A-ComVar: A Flexible Extension of Common Variance Designs

• Published in: Journal of statistical theory and practice Vol. 14; no. 1
• Main Authors: Chowdhury, Shrabanti, Lukemire, Joshua, Mandal, Abhyuday
• Format: Journal Article
• Language: English
• Published: Cham Springer International Publishing 01.03.2020
• Subjects: Algorithms; Analysis and Advanced Methodologies in the Design of Experiments; Mathematics and Statistics; Original Article; Probability Theory and Stochastic Processes; Statistical Theory and Methods; Statistics; Adaptive lasso; Approximate common variance; Genetic algorithm; Model identification; Common variance; Class of models; Plackett–Burman
• ISSN: 1559-8608; 1559-8616
• DOI: 10.1007/s42519-019-0079-y

We consider nonregular fractions of factorial experiments for a class of linear models.
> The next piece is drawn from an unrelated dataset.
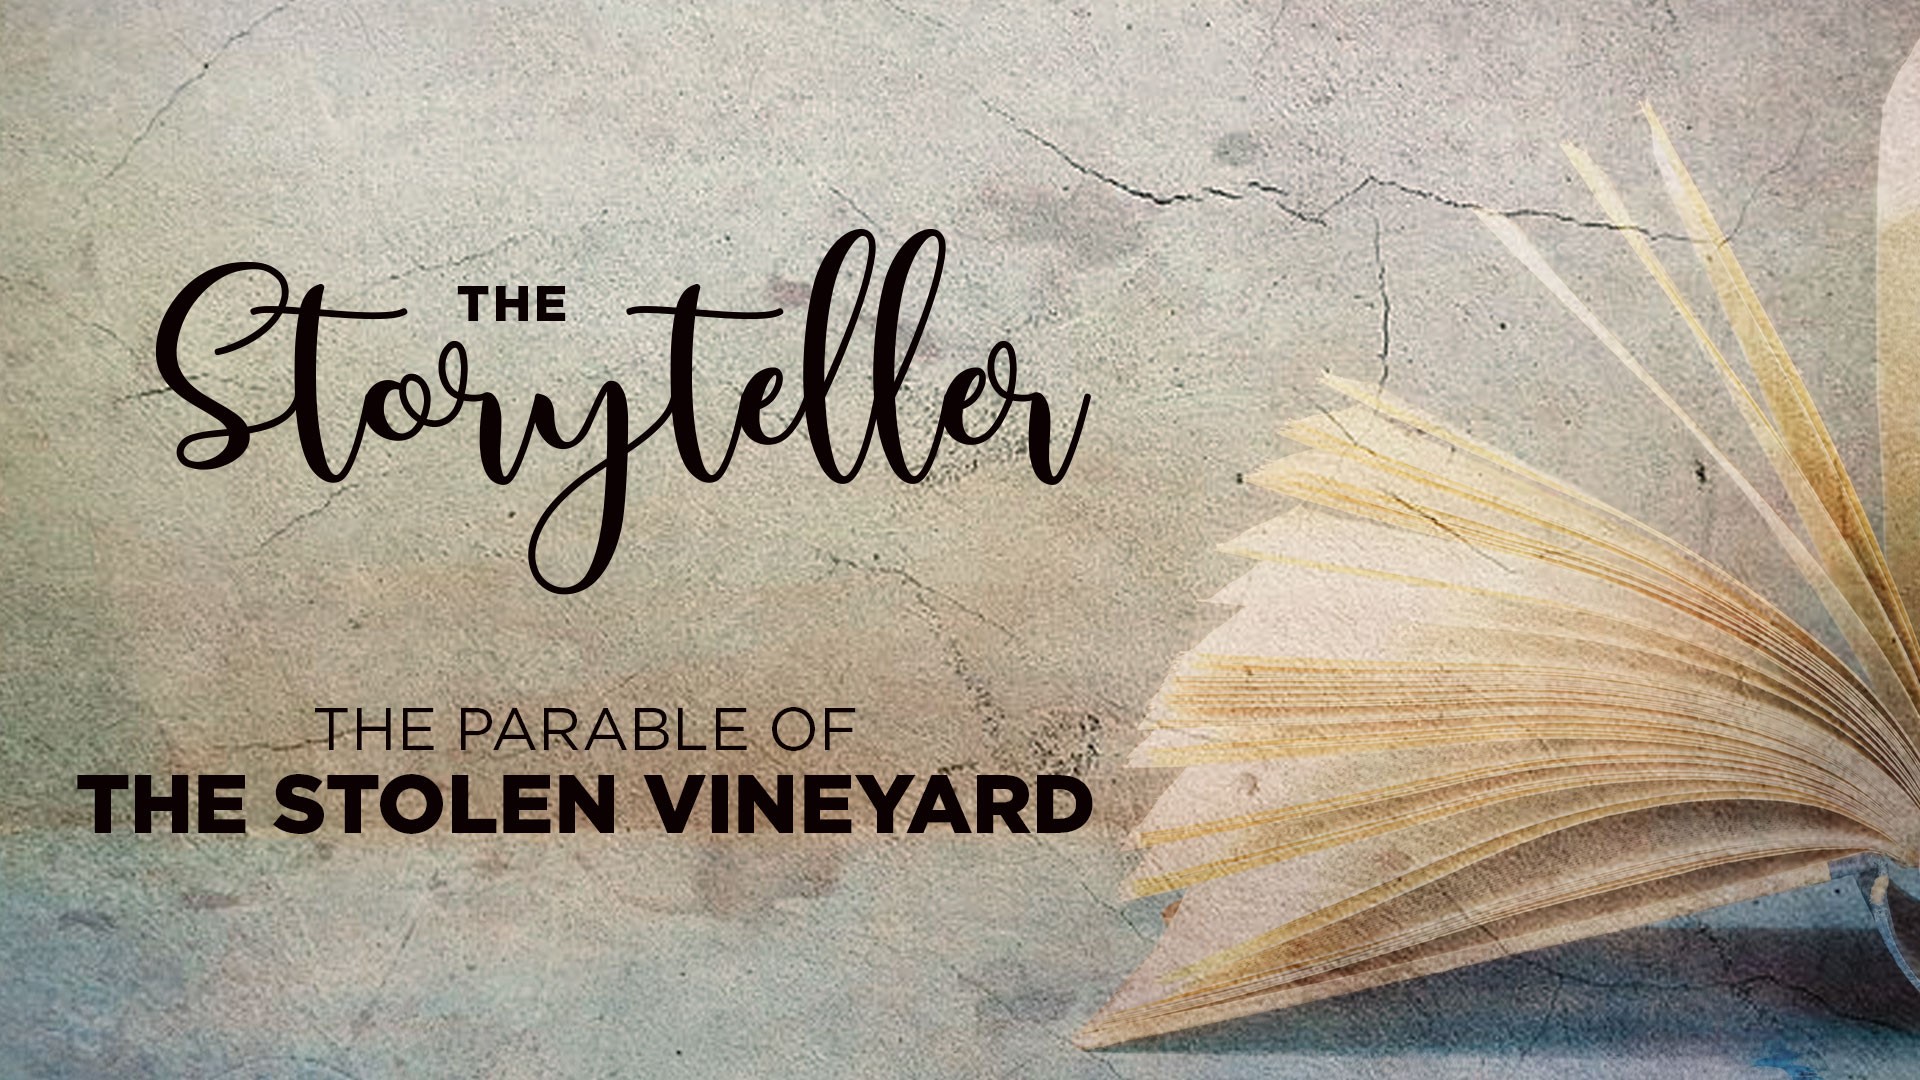 The storyteller - The parable of the stolen vineyard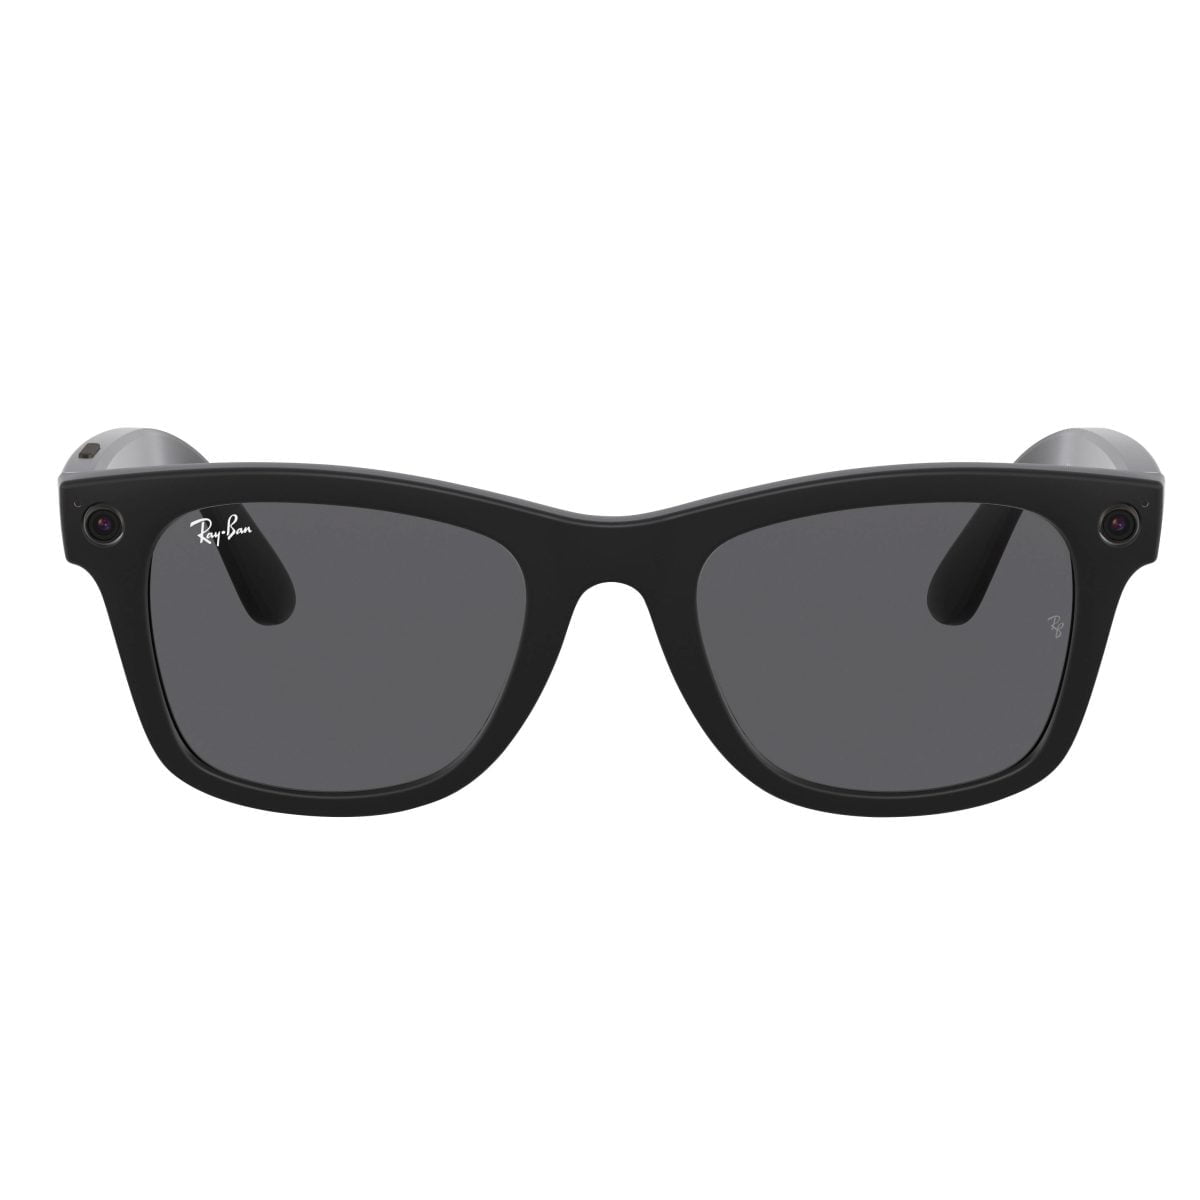 Ray Ban Stories Wayfarer Smart Glasses 53Mm Matte Black / Dark Gray

These models have a common general mean and main effects; however, they may have different 2-factor interactions. Here we assume for simplicity that 3-factor and higher-order interactions are negligible. In the absence of a priori knowledge about which interactions are important, it is reasonable to prefer a design that results in equal variance for the estimates of all interaction effects to aid in model discrimination. Such designs are called common variance designs and can be quite challenging to identify without performing an exhaustive search of possible designs. In this work, we introduce an extension of common variance designs called approximate common variance or A-ComVar designs. We develop a numerical approach to finding A-ComVar designs that is much more efficient than an exhaustive search. We present the types of A-ComVar designs that can be found for different number of factors, runs, and interactions. We further demonstrate the competitive performance of both common variance and A-ComVar designs using several comparisons to other popular designs in the literature.